Live Order Board Price vs Our Valuation: What's the Difference?
Clients occasionally notice that the 'average deal price' on the Live Order Board does not match our valuation for that same whisky. Sometimes the deal price is higher, sometimes lower. The question is usually the same: which figure is correct?
Both are correct. They simply answer different questions.
The Differences Explained
The 'average deal price' is a record of recent trades: one buyer and one seller agreed a price, for a specific quantity, at a specific moment. It is accurate, but it is also a single data point.
Our valuation performs a different function. It is built from a blend of evidence, recent trading on the Order Board, Bulk Trade Bids from industry buyers, and pricing from the wider Scotch whisky market, to provide a considered assessment of what a whisky line is worth, rather than a record of what one trade happened to settle at.
Why It Moves Both Ways
A seller who needs to exit a position quickly may transact below our valuation; that does not revise the valuation downward. A buyer seeking to secure supply immediately may transact above our valuation; that does not revise it upward either. More often than not, individual trades reflect the circumstances of the parties involved rather than the underlying value of the asset itself.

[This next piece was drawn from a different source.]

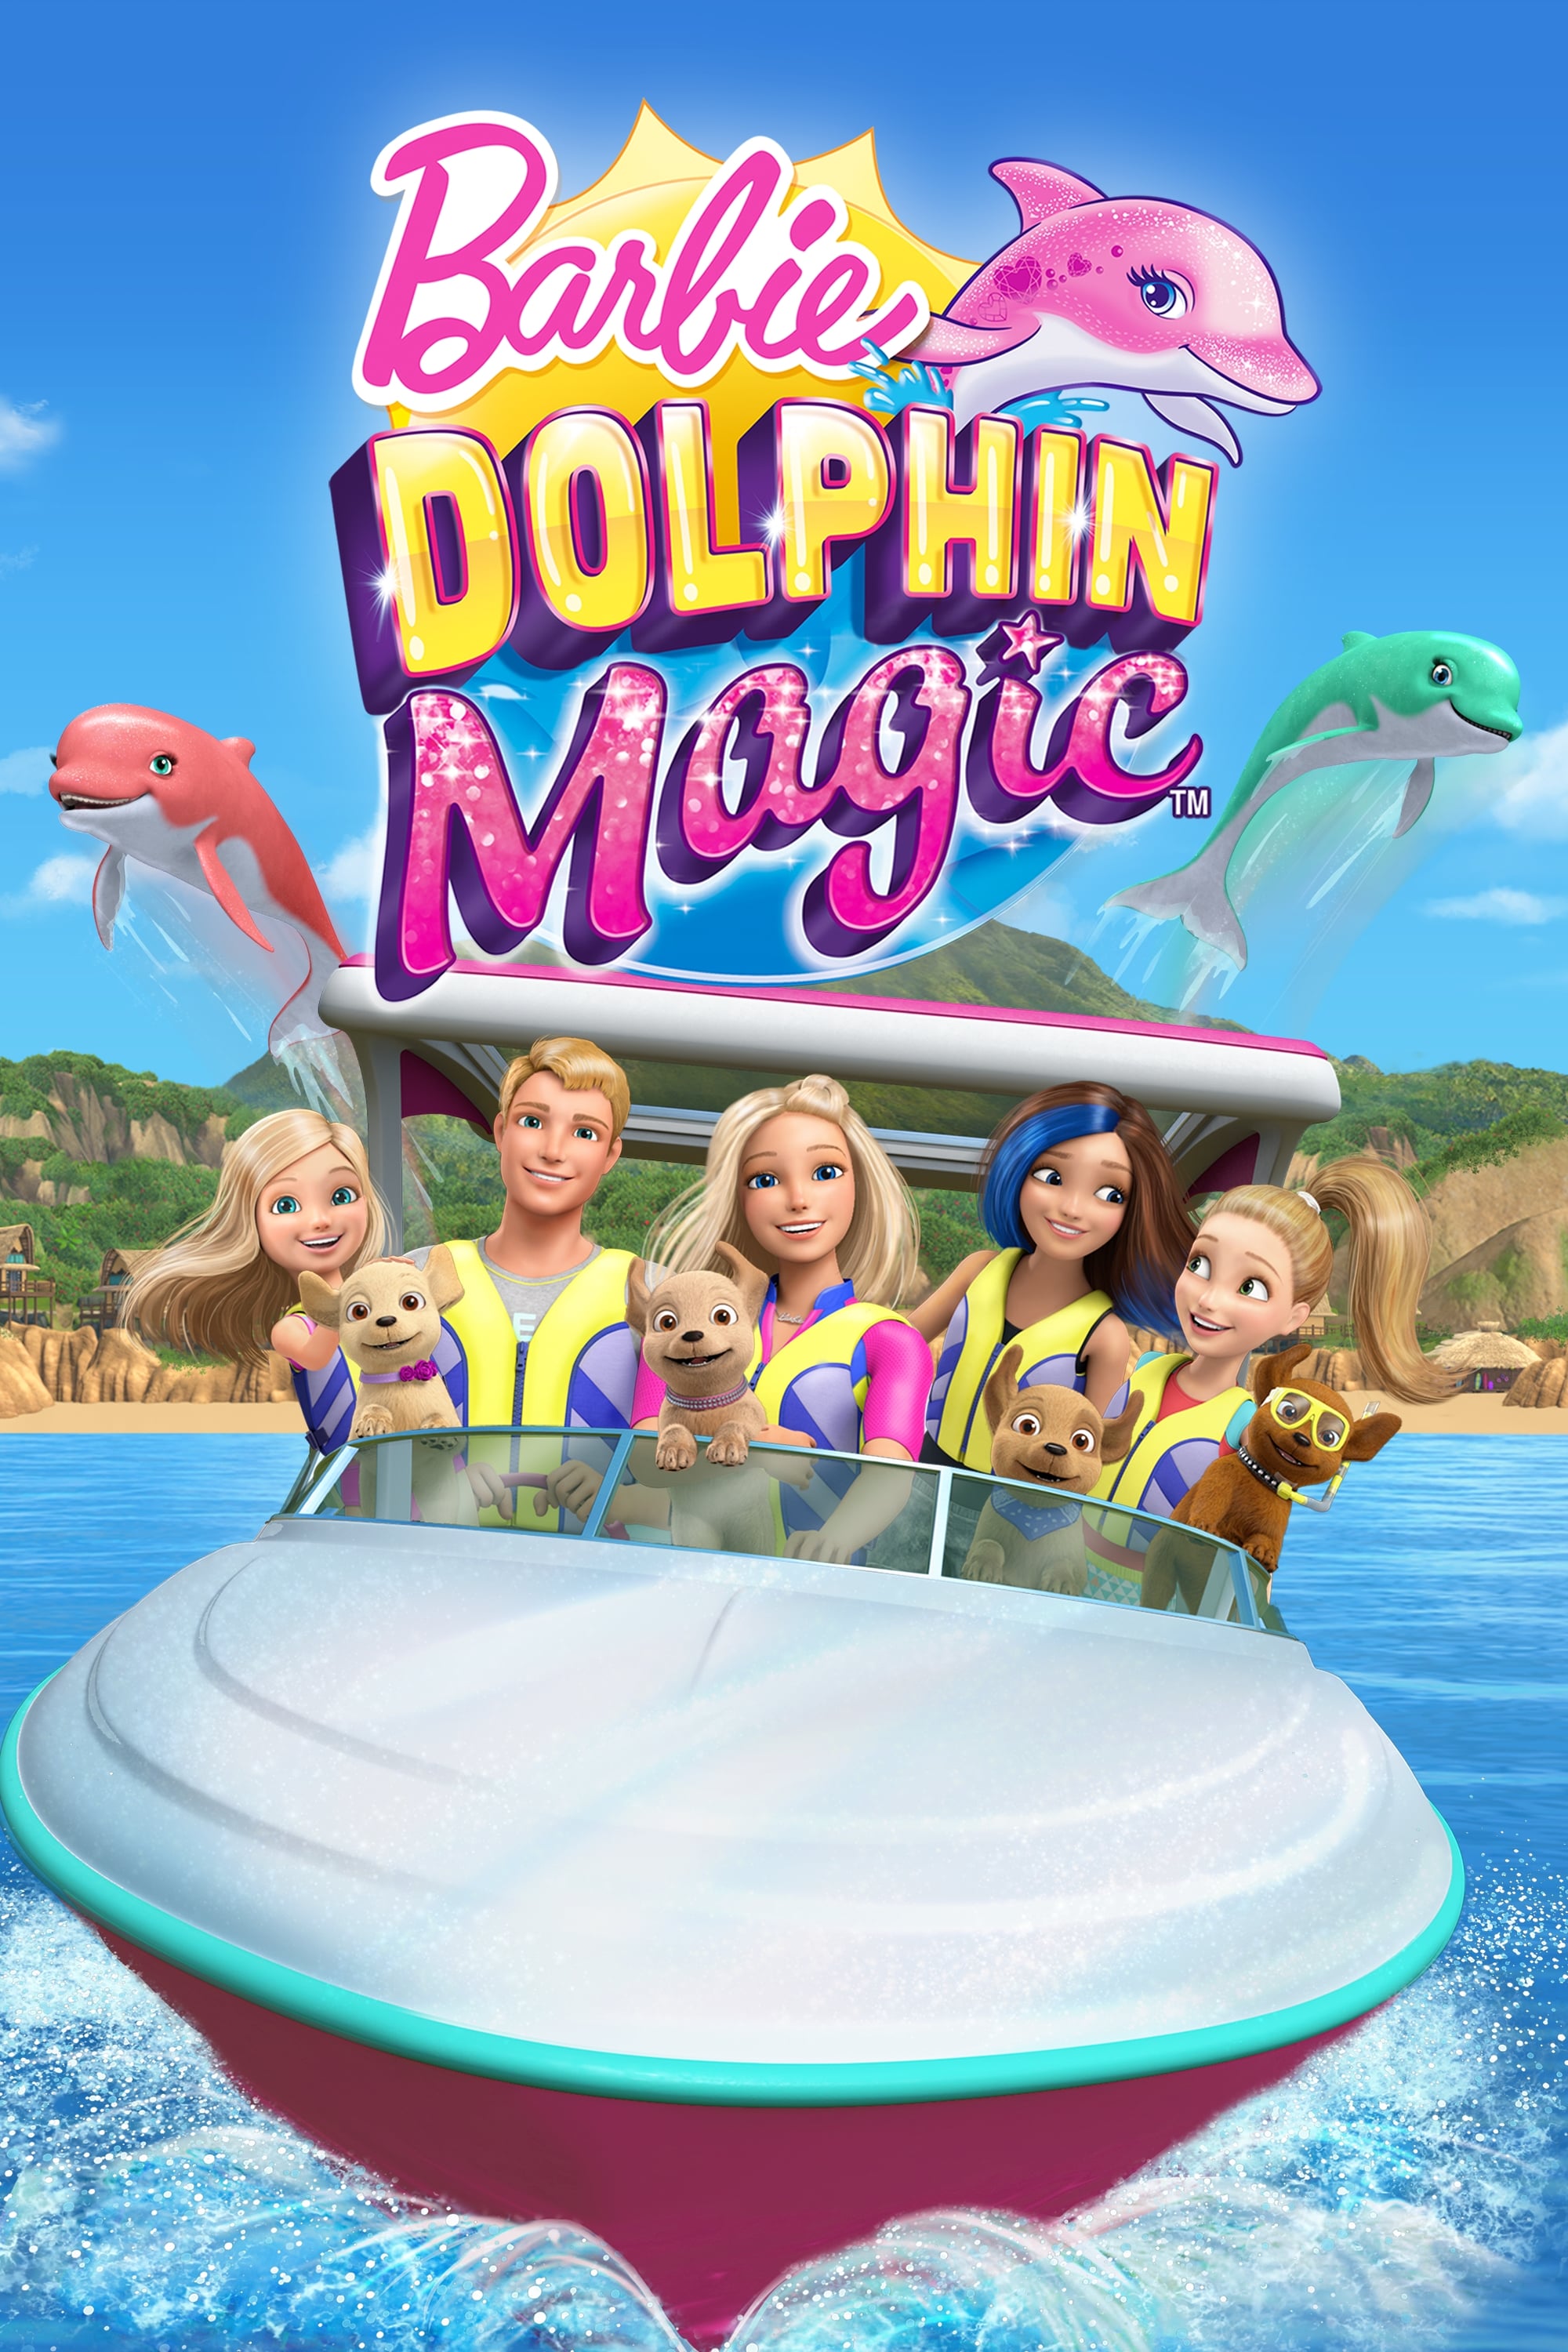 Barbie y Los Delfines Mágicos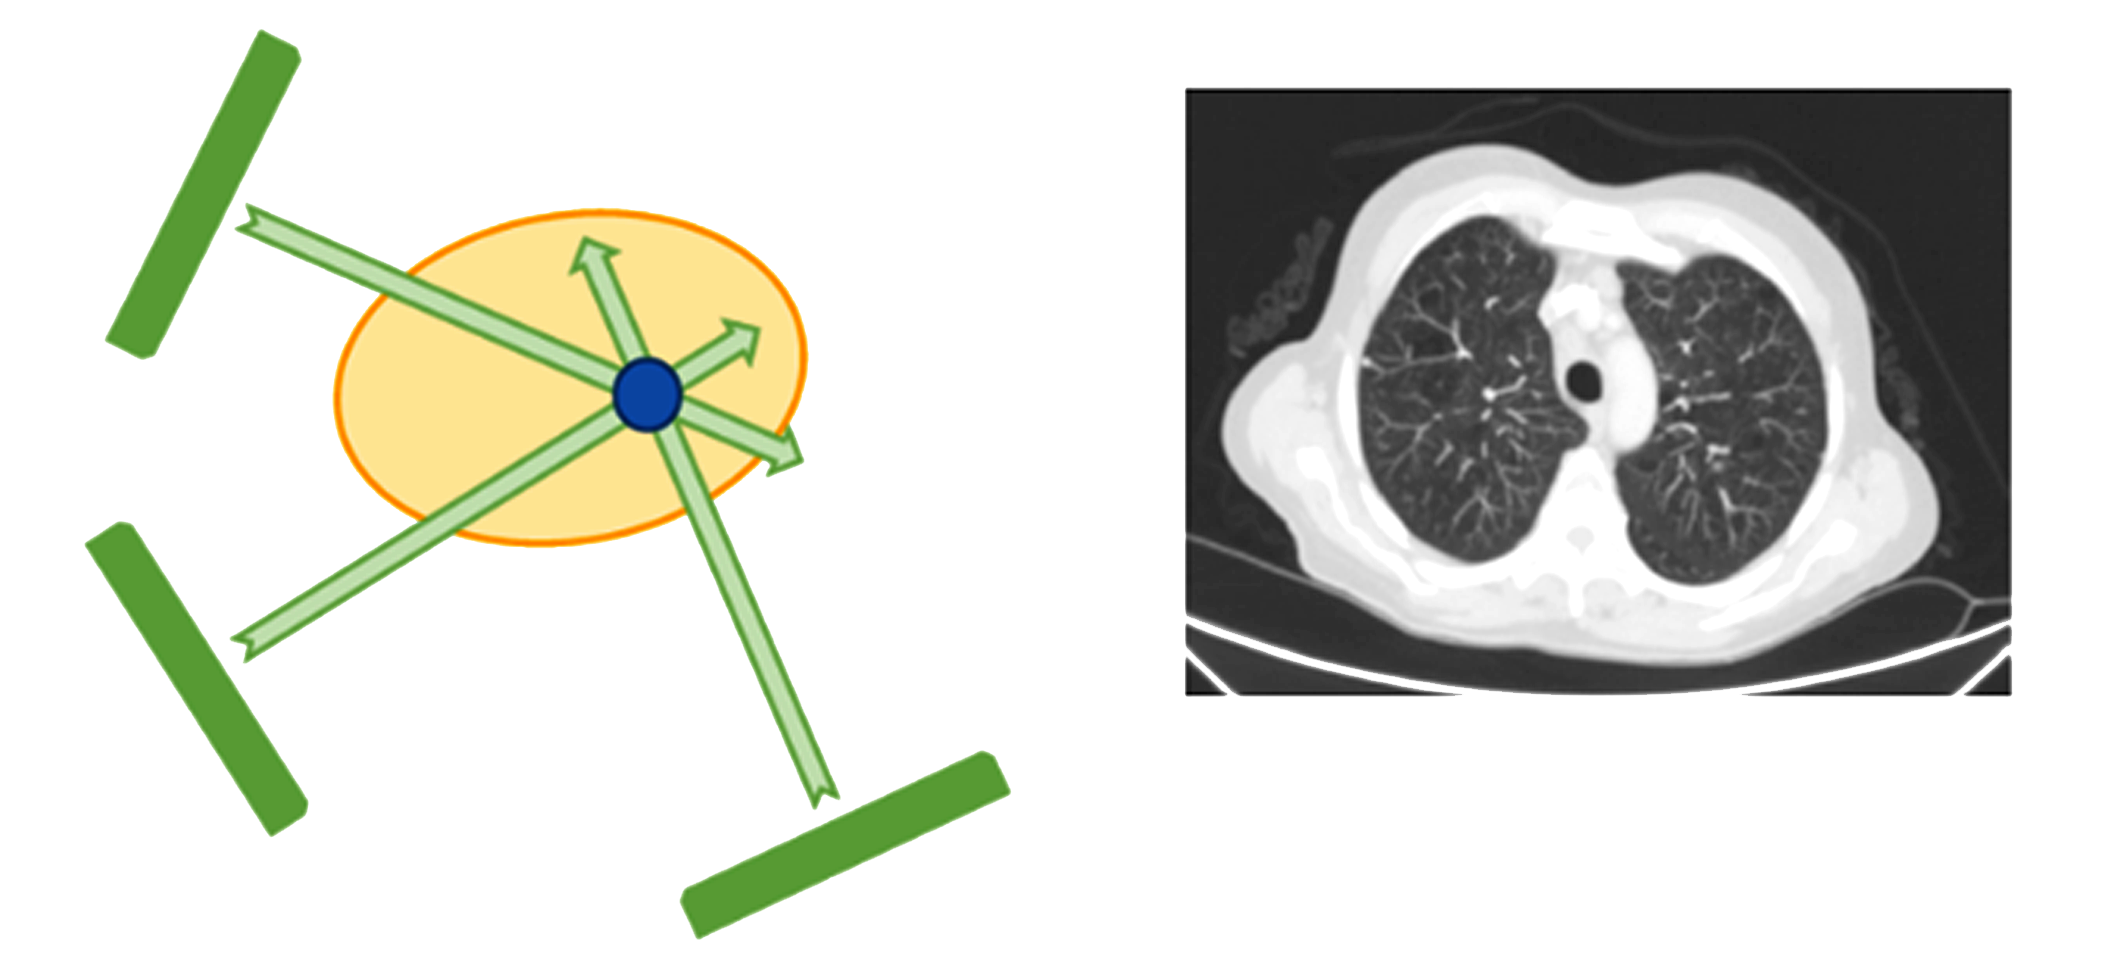  Tomografía de Rayos X: Se mide la densidad de cada parte iluminándola con rayos X por distintas trayectorias (lado izquierdo). Repitiendo el procedimiento en diferentes áreas se obtiene la imagen tomográfica del órgano (lado derecho).

Why We Do Not Value Stock Using the Most Recent Average Deal Price
If our valuation moved to match every deal, two consequences would follow. First, portfolio values would fluctuate based on individual trades rather than genuine changes in value. Second, and more significantly, industry buyers submitting Bulk Trade Bids would anchor their offers to unnatural prices, to the detriment of clients. A steady, broadly-evidenced valuation preserves that benchmark for buyers and sellers alike.
A gap between the Order Board's last deal price and our valuation is not an error on either side. It reflects the difference between one transaction and a considered assessment of value. Clients remain free to trade at the current live price, but the valuation exists to indicate what the whisky is worth, rather than what one party was willing to pay or accept on a given day.
The value of whisky can fluctuate, going down as well as up. Past performance is not a reliable indicator of future price movements. No content on the WhiskyInvestDirect website nor in any of its communications constitutes investment advice. It is recommended that you seek professional advice to assess whether investing in whisky aligns with your financial goals.